In the previous chapter we discussed how to find a function, given the derivative of the function. We will continue to build upon that in this chapter. Oftentimes we are interested in the area under a curve. Since it is a curve, it can be difficult to determine the area since there are no corners or 90 degree angles such as in a rectangle or triangle. However, we will first approximate the area under a curve by summing the areas of trapezoids, since the formula of a trapezoid is $\mathrm A=\dfrac{h}{2}(b_1+b_2)$ where $h$ is the height and $b_1$ and $B_2$ are the lengths of the parallel bases.

Example 1: Approximate the area under the curve of $f(x)=x^2+1$ and above the $x-$axis for $0\leq x \leq 2$ by calculating the areas of $2$ successive trapezoids.

Explanation: Sketching a graph of this yields the following picture:

We will calculate the areas of $2$ trapezoids.
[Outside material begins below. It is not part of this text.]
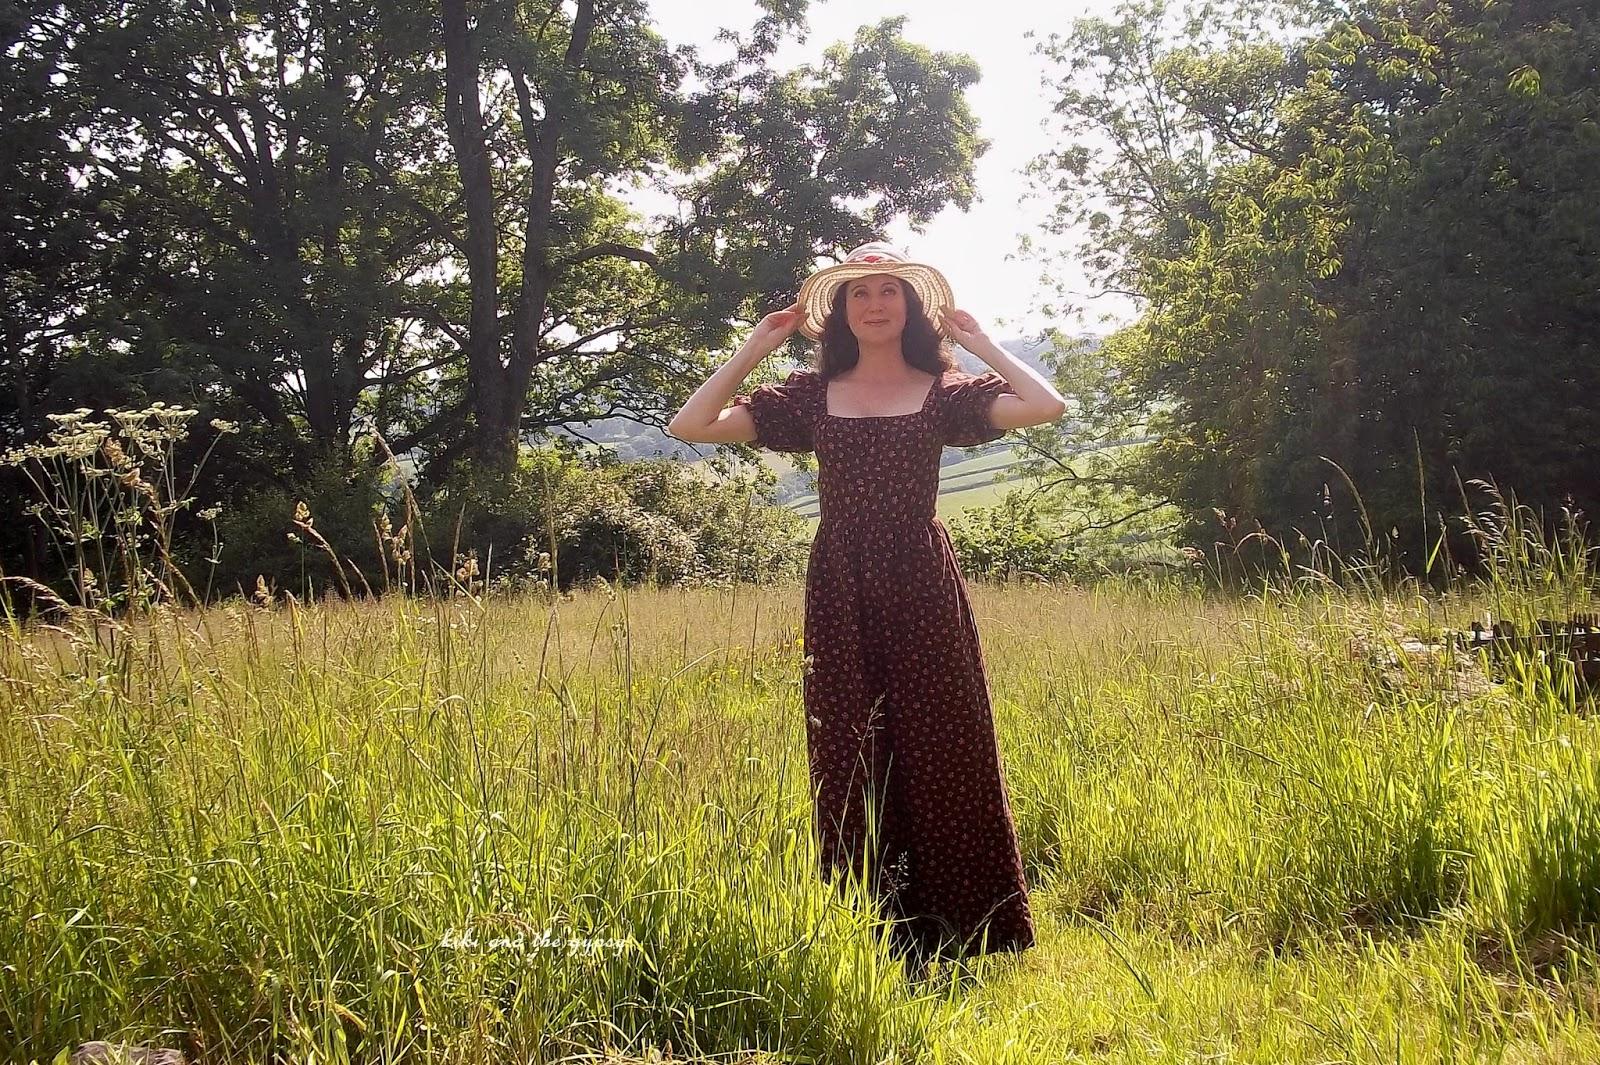 Enchanted Garden: Kiki And The Gypsy: Enchanted Garden, & A Spy Girl Portrait

Notice the height of each trapezoid is $1$ and the lengths of each base of each trapezoid is the value of the function at that particular $x$ value. Thus the total sum of these two trapezoids is:

$\mathrm{Sum}=\dfrac{1}{2}(f(0)+f(1))+\dfrac{1}{2}(f(1)+f(2))$
$\mathrm{Sum}=\dfrac{1}{2}(1+2)+\dfrac{1}{2}(2+5)$
$\mathrm{Sum}=\dfrac{3}{2}+\dfrac{7}{2}$
$\mathrm{Sum}=5$

It should be noted that this is an “over-estimate” and the true value of the area under the curve is less than $5$.

Recall: Given a polynomial of the form: $f′(x)=ax^n$ then an antiderivative of $f(x)$, is:

$f(x)=\dfrac{a}{n+1}x^{n+1}$

Without going into a formal proof, the total change in a system can be represented as the area between the curve and the x-axis between $x=a$ and $x=b$. This is referred to as a definite integral. It is calculated by finding the anti-derivative of a function and evaluating it between two $x$ values. Mathematically speaking,

$\displaystyle \int^b_a f(x)\mathrm dx=\mathrm F(b)-\mathrm F(a)$ where $a < b$ and $\mathrm F(x)$ is the antiderivative of $f(x)$.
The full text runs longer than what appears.